LAZIO  Marchegiani, Negro (47 Favalli), Nesta, Mihajlovic, Pancaro, Veron, Simeone, Almeyda (60 Conceicao), Nedved, Boksic, Salas (73 Inzaghi).
 
Allenatore: Eriksson.

Arbitro: Tombolini


RETI: 7' Delvecchio, 11' Montella, 26 Delvecchio, 31 Montella, 52 Mihajlovic (R)

 

 

Quell’anno la Lazio era una grande Lazio, che ad inizio stagione aveva conquistato la supercoppa Europea contro il Liverpool e poi vinse lo scudetto. La Roma fu un po’ meno vincente (si rifarà però l’anno dopo conquistando a sua volta il tricolore) ma colse comunque una grandissima soddisfazione, cioè il Derby di cui parliamo, in cui i biancazzurri furono annichiliti con quattro pappine in una mezz’ora, reti che addirittura parvero poche rispetto ai pesi reali visti in campo.

La sfida (da scudetto come titolava alla vigilia il Corsport) era di altissimo livello: lo dimostravano anche le panchine, con un Eriksson in annata assolutamente illuminata  contro un Fabio Capello che, d’altra parte, in questo Derby non sbagliò nulla.  Allo svedese dopo la disfatta si imputò di aver disegnato un fuorigioco troppo alto, in cui l’undici impostato da Capello si trovò a nozze.

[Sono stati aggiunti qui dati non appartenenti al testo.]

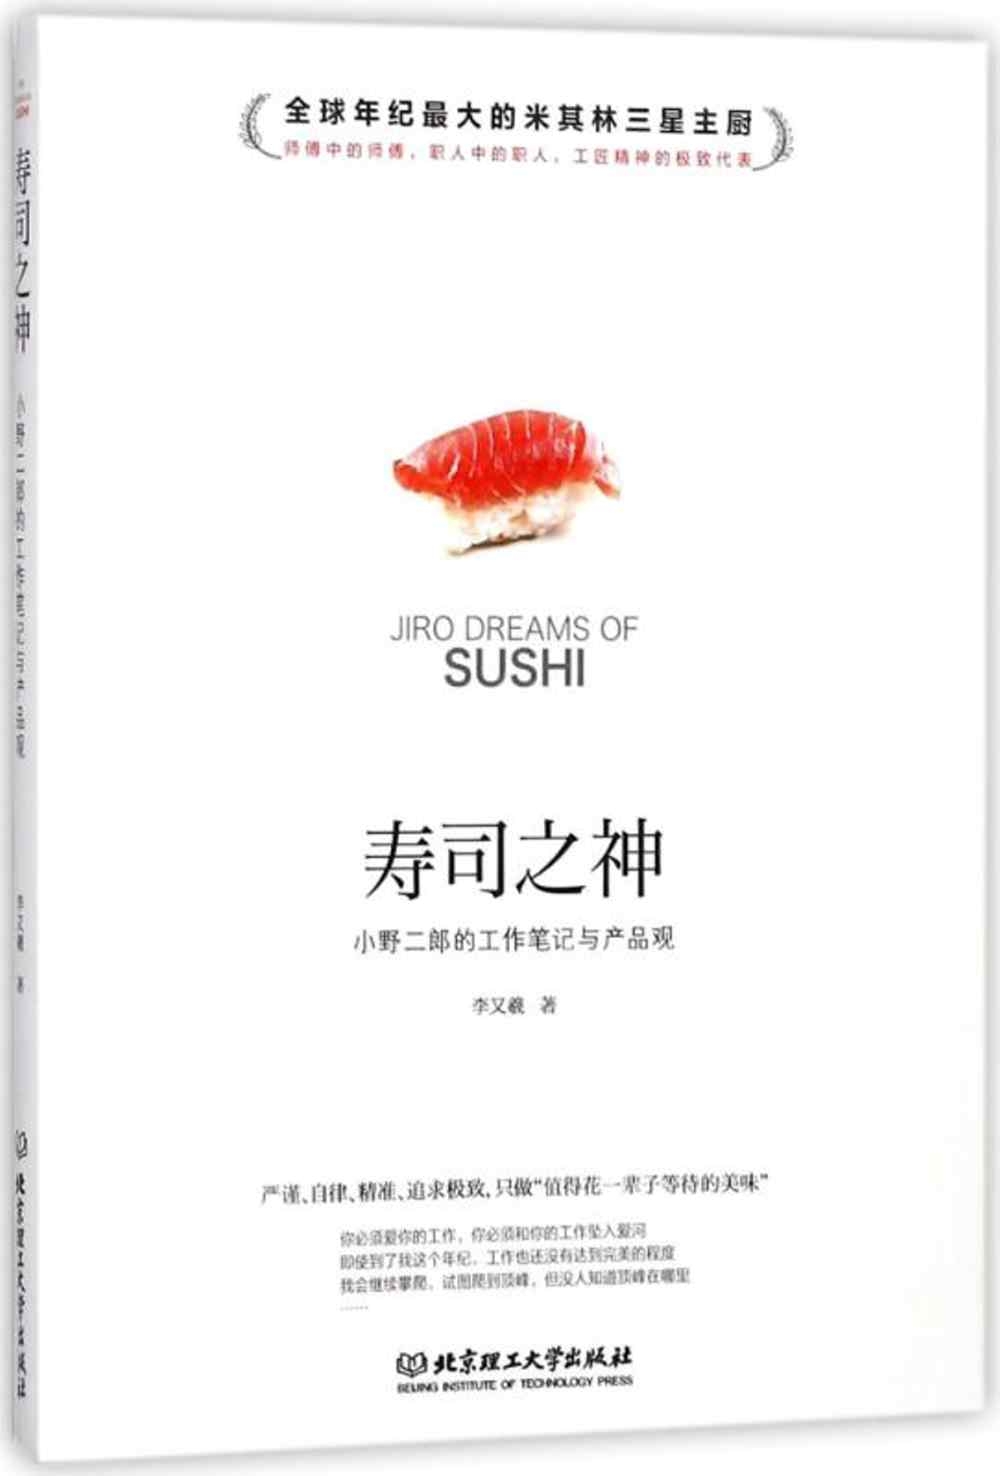 壽司之神：小野二郎的工作筆記與產品觀

Fatto sta che, tattica sbagliata o no, per i biancazzuri quella nottata novembrina fu un incubo da cui comunque riuscirono ad alzarsi in fretta. Una serata storta, insomma, ma comunque impietosa se si pensa che in mezz’ora il quattro a zero, per quel che si vide in campo, avrebbe anche potuto essere un ben più tondo otto,.

Eroe giallorosso di giornata fu il giovane under 21 Cristiano Zanetti, che aveva lasciato seduto in panchina il più esperto Tommasi. Quella del ragazzo fu una partita da 10, e a dimostrarne la personalità fu il là alla prima rete di Del Vecchio (la marcatura che mise subito la Lazio sui ginocchi) attraverso un lancio in velocità che smarcò tra la larga rete laziale  l’attaccante dai lunghi capelli per una facile segnatura.. Quattro minuti dopo, altro giro altro regalo, più o meno nelle stesse modalità: una difesa biancoazzurra troppo alta tanto che la respinta dall’area romanista diventò un lancio per Montella per una azione che finì con il classico gesto delle braccia aperte fra le nuvole. Per il tre poi, scenderà in campo personalmente il “capitano” Totti, che in dribbling sembrerà una lama affondata nel burro della difesa biancazzurra, fino al cross in area a cercare il facile tocco di Del Vecchio, favorito da un rimpallo. 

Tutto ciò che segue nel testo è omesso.